I have raised this concern because it is personally related to me. I got exposed to bioinformatics, when an institute in India (my home country) came up with bioinformatics degree and they proposed that they will provide courses both in computer science and basic to advanced biology. This was very attractive to me. A new concept of learning, a new kind of specialization and something different from everyone else in India where everyone wanted to become either a doctor or an engineer. I took the challenge or I can also confess that I did not have guts or passion to wait another year or two to try getting into pure medicine plus I didn’t want to get in using sources. Well, I was in first batch we didn’t have any list of books assigned, no curriculum but just current topics of bioinformatics in syllabus. However, we had proper basic biology courses from Cell biology, Molecular biology, Genetics upto Virology and Immunology on biology side and basic programming courses in computation side with weaker computational aspect. Program was not very bad, however till the time I graduated after 4 years I was not at all clear what Bioinformatics means. That time approximately 8-10 years from now, some said it is database management to manage biological data while some said it is studying or modeling genes, proteins and cells using computer programs.

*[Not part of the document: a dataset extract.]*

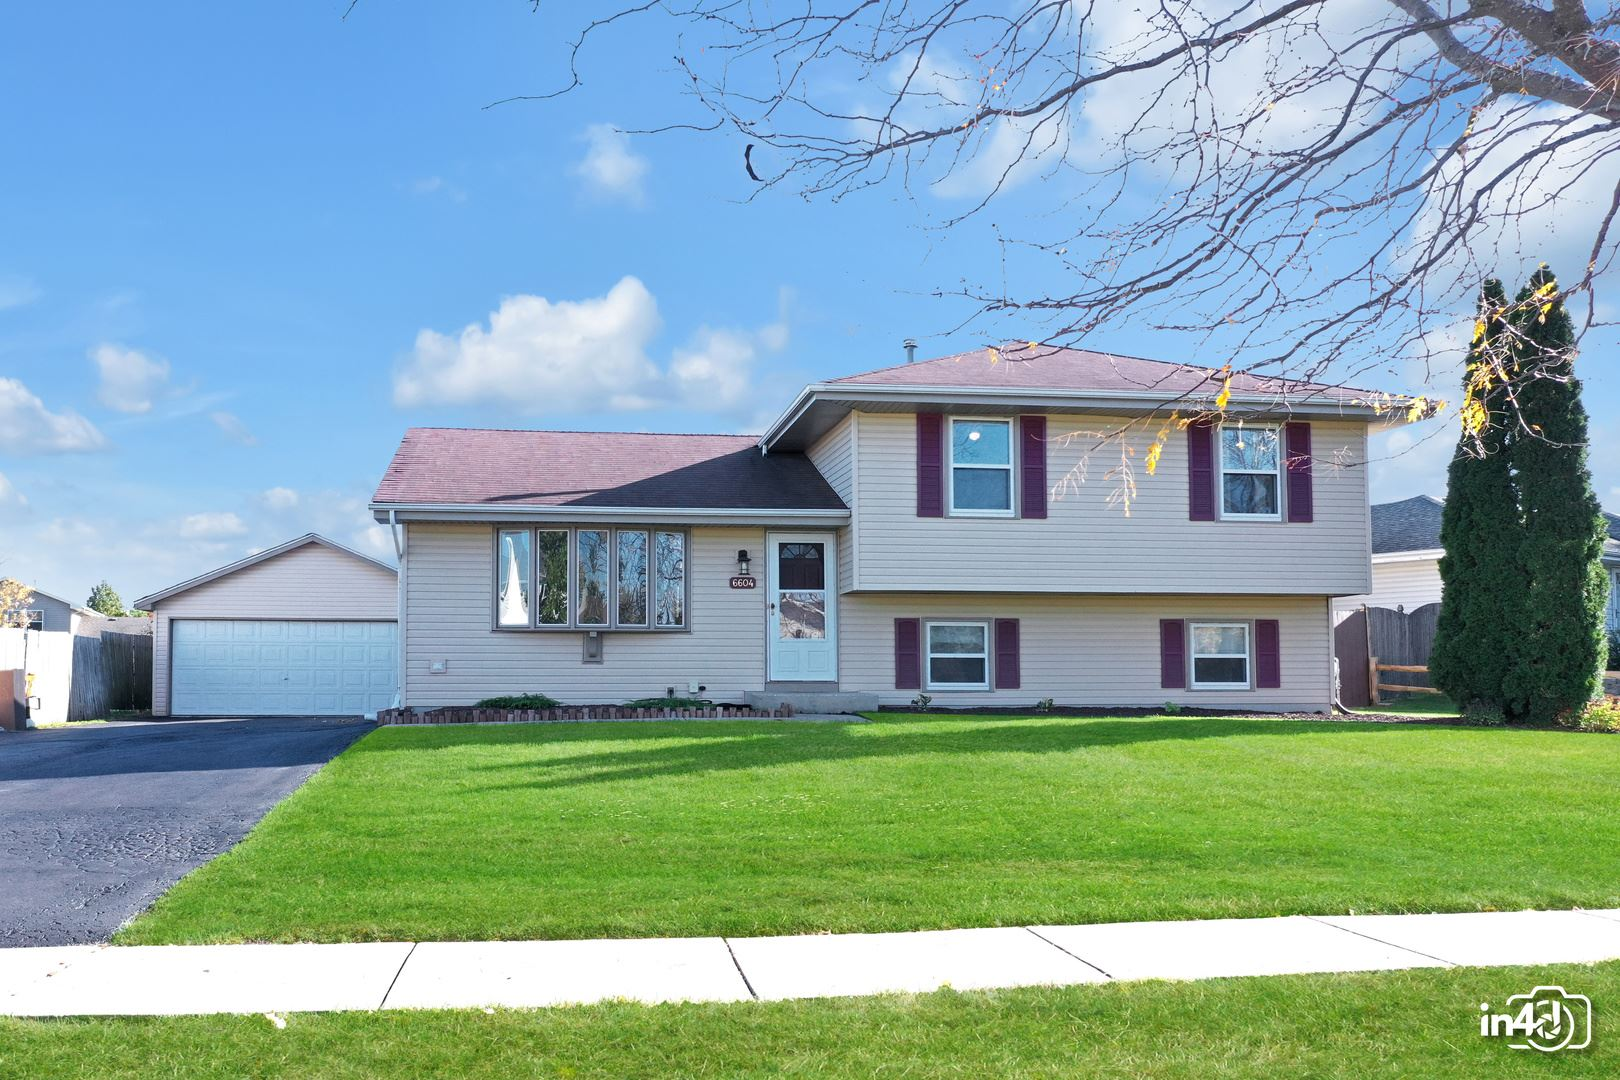 Photo of 6604 Benich Lane, Plainfield, IL 60586 (MLS # 10895489)

Finally, I decided to come to United States to explore more and got admitted to masters in computational biology. There, I started doing “mathematical modeling of malarial transmission dynamics of drug sensitive and resistant strains of malarial pathogen population under different treatment regimes”. Then I had to learn some of the mathematics and statistics background knowledge along with population genetics study which I didn’t know in my bachelors. This was interesting but then sometime in my second year, I saw a fasta file on my colleagues desktop and I got an urge to work on real genomic sequences and not modeling or simulation studies. For this I needed more skills so I joined PhD program in University of Missouri, Columbia. Here, I clearly stated that I wanted to work primarily on sequence data but nothing else. Now after starting PhD, I realized was lacking computer science expertise like machine learning methods, algorithm development, etc. and started learning those concepts to enhance my research here. So, again and again I am encountering the same question whether my training was accurate for bioinformatics work. May be I should have started with pure computer science training and gained expertise and then understand biology to apply that expertise to solve biological questions or problems or vice versa. Or, may be what I have is unique and try to be distinct!